I’m starting to get a better understanding of @MrGeneric 's and @ChristopherFritz 's point. Here’s what happened:
As confessed before, I use google translator. It’s a strangely comfy position to hold the manga in my left hand while the right hand is typing. But what I do is that I type in specific kanji and fragments of sentences. In this way I’m getting a feel of the structure, looking at google’s output, where they separate the syllables, adding kana from around the fragment in question or removing them. Eventually I would take those kanji / kana to jigo or ichi, but so far the meaning on the page was too obvious to miss.
So what I do is typing one word at a time, trying out combinations, and thereby getting an idea of the structure and the vocab in use. I see how the translation of larger sections is usually imprecise, but it’s enough for me to get an idea what is inside the sentence in order to come up with my own translation. With @MrGeneric 's words in mind, I observed how I actually shy away from typing in too much text, because then I couldn’t relate anymore between the translation and the source text. I think the largest combination was two words plus two particles at a time.

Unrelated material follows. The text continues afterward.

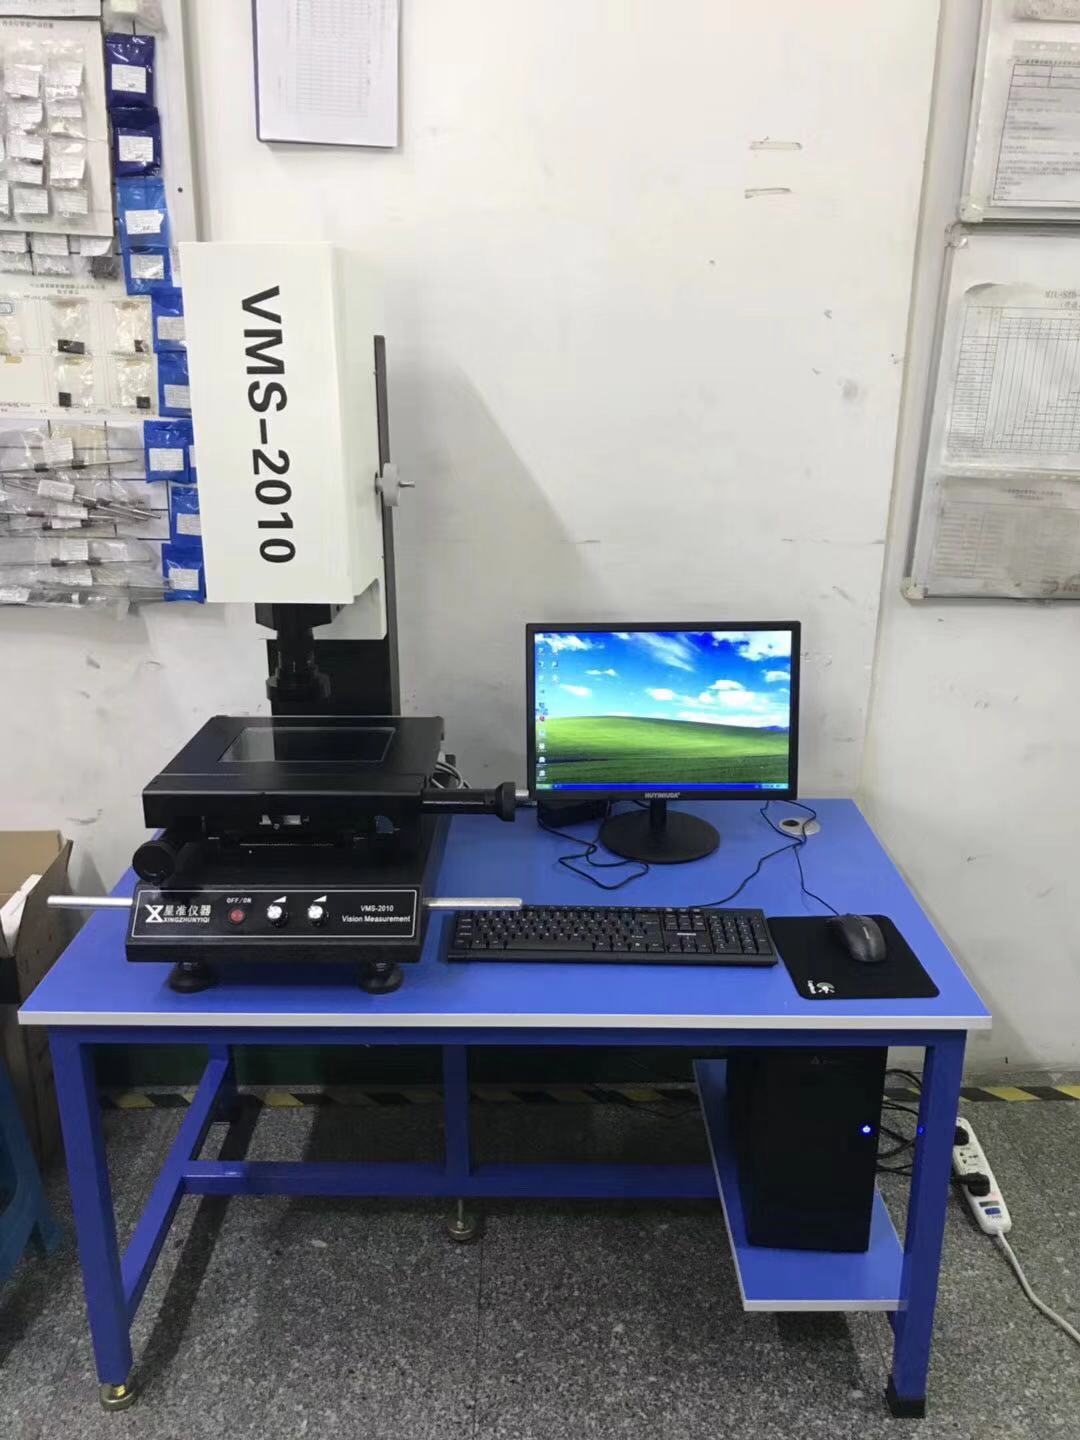 【星准仪器】厂家直销VMS3020二次元影像测量仪 免费送货上门安装培训4

I’d call this my easy mode. Getting a feel of the text and preparing kanji and vocab for looking up later. I see now why the deciphering and transcribing is stressed so often in this thread, because to really get a full comprehension of how the grammar bends and shapes the meaning of the words I’d need to look up all things involved. Then I’d be overwhelmed, and probably spent hours pouring over the arcana of the first page.
Personally I still think this approach works for me, my current level and the intentions I’ve joined this book club with. It won’t suffice for more complex or exotic sentences, but should still give me the means to dig into earnest research when the need arises. Not because I don’t want to learn grammar at all, but because I’m putting that sort of effort into studying Genki, not closing a chapter until I know every grammar point by heart. I look for making Manga reading a different tool for training a different set of skills, something in approximation of “developing a routine for everyday Japanese”. I want to chat and browse like I used to when starting out on English back in the day, eventually.
I apologize for sharing so much with you in this thread and hope it doesn’t go too far. Writing is my go-to tool for reflecting my methods and hypotheses, and here are people who showed genuine interest in diversity of mind and in guiding beginners like me on their way. Any resonance, feedback or advice is going to have a strong, shaping impact on how I teach myself to learn in this phase, and is therefore much appreciated. Thank you all!